[messaging] Let's run a usability study (was Useability of public-key fingerprints)
Daniel Kahn Gillmor
dkg at fifthhorseman.net
Thu Feb 13 15:27:06 PST 2014
On 02/13/2014 05:58 PM, Trevor Perrin wrote:
> (A) Users aren't able to communicate unless they enter each other's
> public-key fingerprint. That wouldn't work for a general
> communication tool, as the high entropy of fingerprints makes them
> awkward to handle, and the extra security of a manual fingerprint
> check isn't needed for many conversations. A tool that required this
> would be rejected by most users.
to be clear, i'm not proposing that each and every conversation would be
preceded by tedious fingerprint verification or entry. This would be
done once per contact, after which it would get out of the way. Do you
think that cost of entry is still too high?
> (B) If the user chooses to check a fingerprint, the tool presents an
> "entry" UI instead of a "display" UI. I think I can compare strings
> faster than I can transcribe them (particularly on a phone or tablet),
> so a tool that forced me to enter it would be annoying, IMO.

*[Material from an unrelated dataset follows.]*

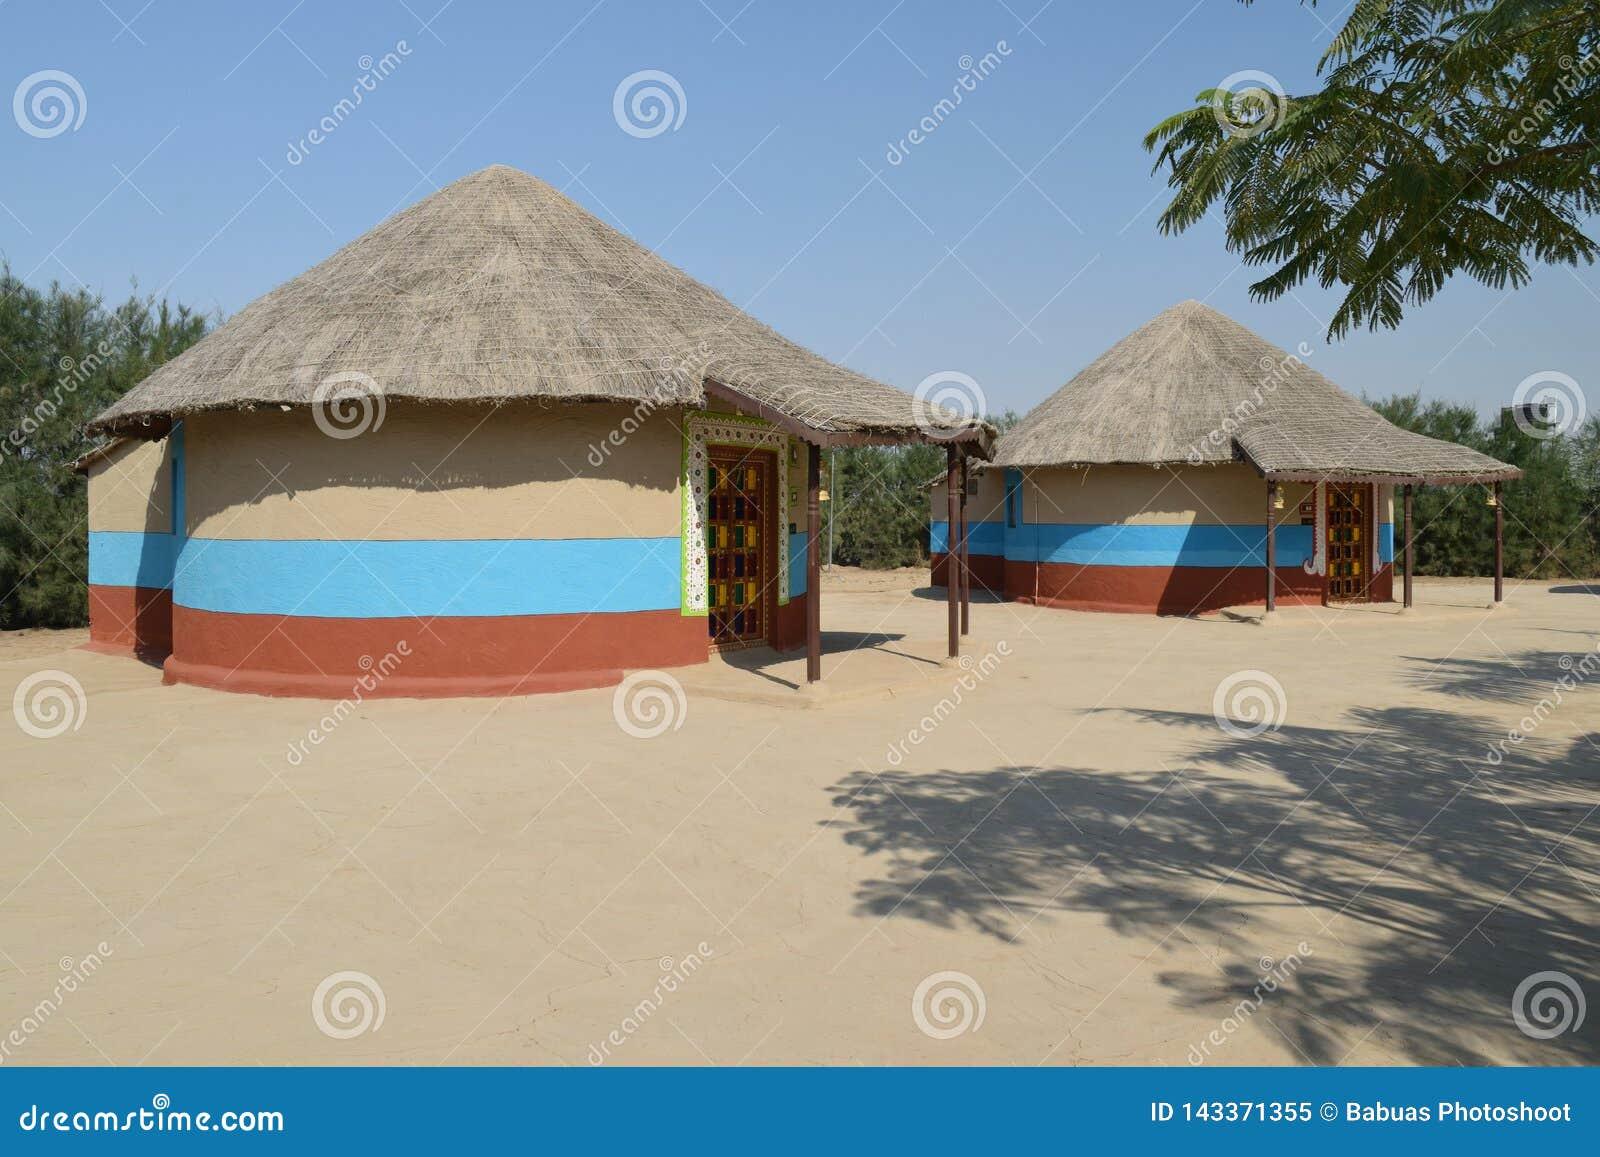 Bunga, une maison cylindrique de boue avec le toit couvert de chaume
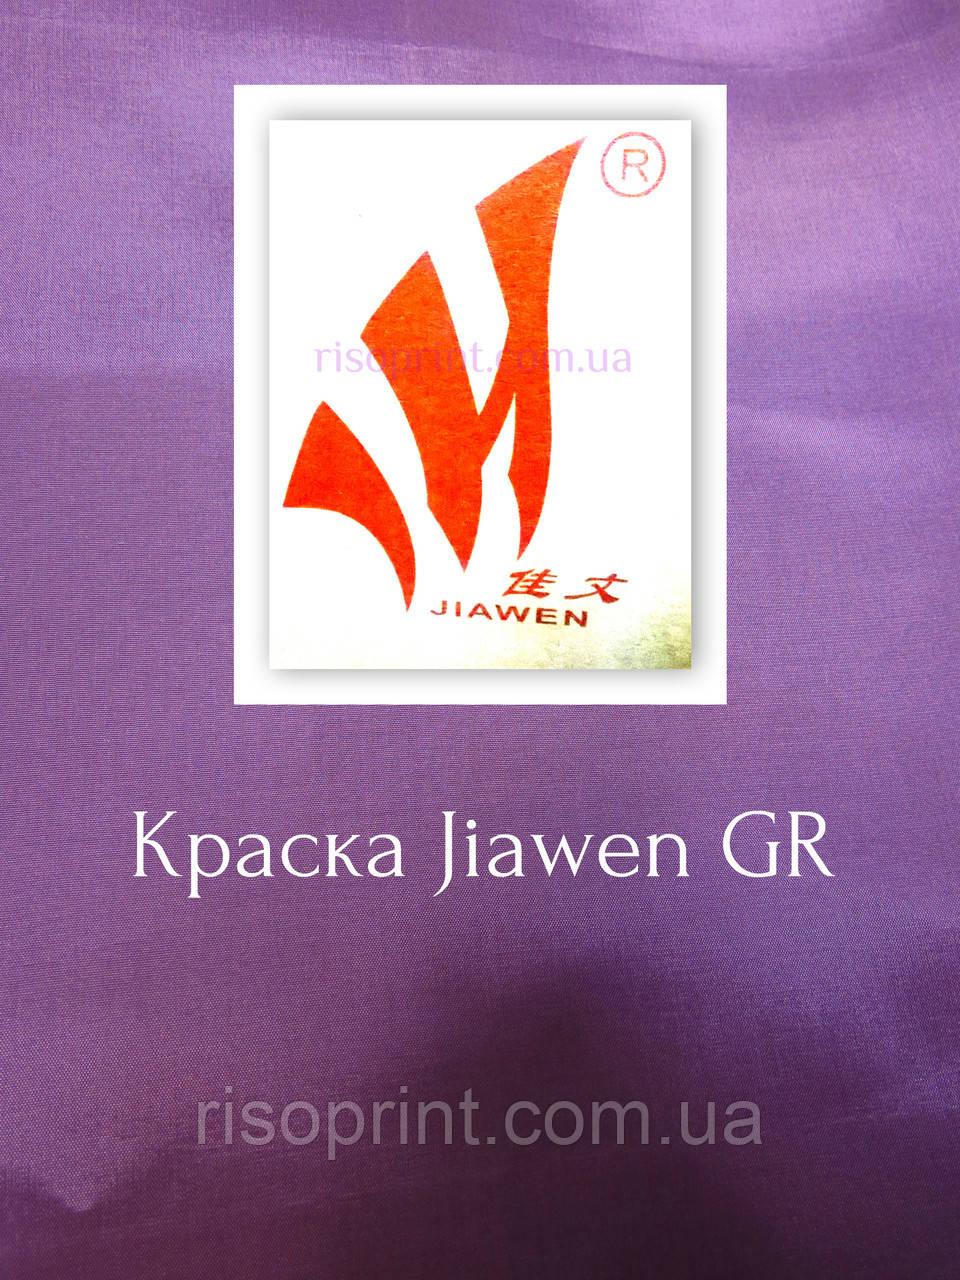 Краска  лицензионная для ризографа Riso Jiawen GR  - ФЛ-П Шатный Г. А. в Харькове

I'm quite sure that comparison is faster than transcription,
particularly if the comparison is based on well-aligned,
identically-formatted strings (which is not actually how most
fingerprint comparisons are done today, in my experience). But i'm not
convinced that comparison is more accurate than transcription. If
accuracy/correctness is the goal, what sort of tradeoffs are we willing
to accept?
While we're talking about usability studies, this question (about
transcription versus comparison, measured by accuracy and speed) seems
like it's narrowly-scoped enough that it could make for a good
experiment based on a single fingerprinting scheme. Comparison across
fingerprinting schemes would be a natural extension once the other
details were worked out for a single fingerprint.